One thing you cannot fail to notice about the Bay Area, one of the richest places on earth, is the number of homeless people on the streets. But, ever confident that tech is the answer to everything, Silicon Valley is home to a whole range of start-up non-profit organisations addressing this and other social problems.
At a homeless shelter, we met Sammie Rayner, co-founder of Hand Up, a fundraising site connecting donors directly to homeless people. She said a combination of San Francisco's history as a place where many social justice movements got started with Silicon Valley's entrepreneurial spirit made this an ideal place for ventures like this: "There's just so much infrastructure here - angel investors ready to take a risk on your crazy idea and get it off the ground."
But she conceded there was huge inequality in the Bay Area, and there was a risk that it was easy for busy tech people to be insulated from the issue because they did not see homeless people in the parts of town where they tended to hang out.
We caught the curiously old-fashioned Caltrain - no wi-fi on board - down to Palo Alto to visit another essential part of the Silicon Valley ecosystem, Stanford University. There we met the dean of the medical school Dr Lloyd Minor, whose forthcoming book Discovering Precision Health predicts a revolution in healthcare based on technological developments such as smartphone apps and artificial intelligence.
Bad blood
Health is one area where Silicon Valley has been rather behind the curve, during a period when it has focused on social media and consumer apps. "Think about it," said Dr Minor. "The way we order goods and services, the way we perform financial transactions are radically different today than they were before the smartphone and before the internet and social media." But the way we interact with our doctors, he said, has barely changed and "healthcare is the only industry that still uses fax machines."
Mind you, the saga of Theranos, the blood-testing start-up whose technology did not stand up to close examination, can't have helped encourage investment in this field.

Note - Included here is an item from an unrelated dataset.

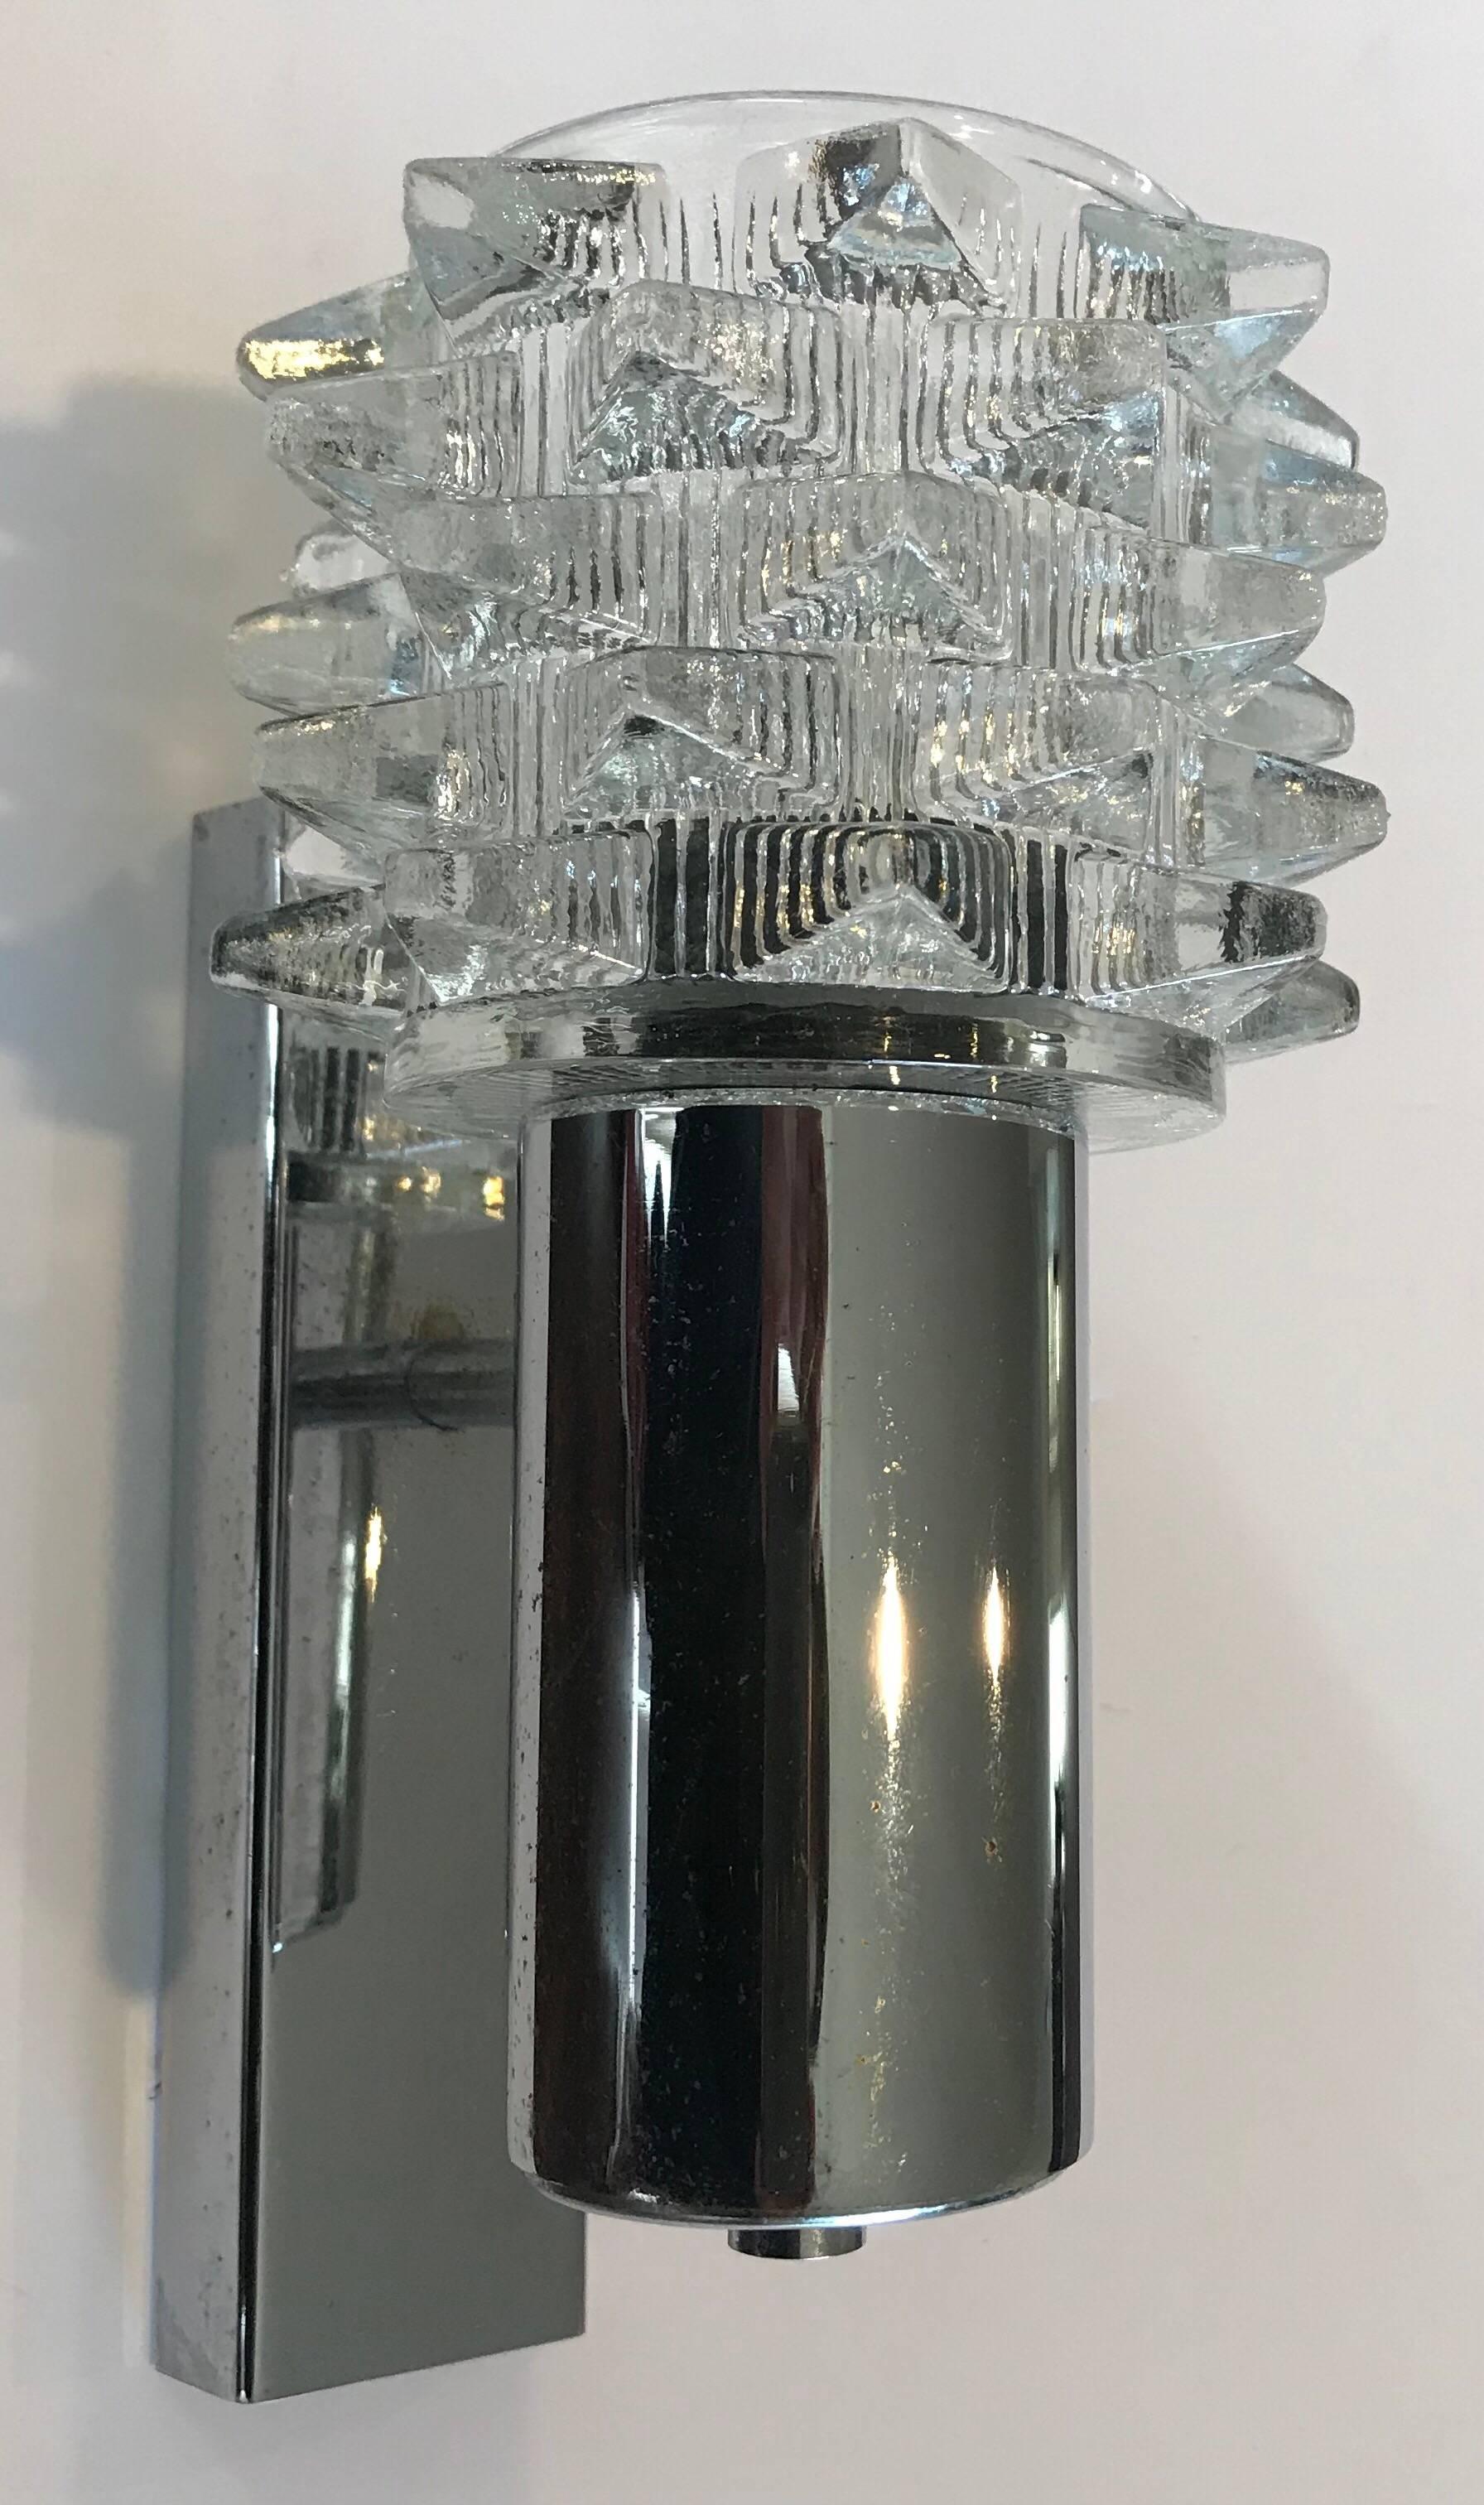 A pair of polished chrome wall lights with heavy crystal glass shades by the Dutch light maker, RAAK. The sconces can be mounted upward or downward according to preference. Four available.

But now with giants such as Google and Apple pouring large sums into healthcare projects, there is a sense that progress is at last being made.
Dr Minor says the relationship between the university and its tech firm neighbours is mutually beneficial: "Silicon Valley has grown up physically and intellectually around Stanford, and for those of us in biomedicine and healthcare at Stanford today we're really excited about interactions and collaborations with tech firms."
There are plenty of threats to the supremacy of Silicon Valley - its reputation has been harmed as people outside and inside the tech giants attack a "move fast and break things" culture, regulators and politicians are looking to cut it down to size, and Chinese rivals appear to have the funds and the data to compete for global leadership.
If this area is so smart, you might ask, why has it not produced a business that can take on Huawei when it comes to building 5G equipment?
But it retains some key advantages - a huge pool of talent from around the world, vast amounts of venture capital, and a Californian confidence as sunny as the February weather has been for the last few days. Don't count Silicon Valley out just yet.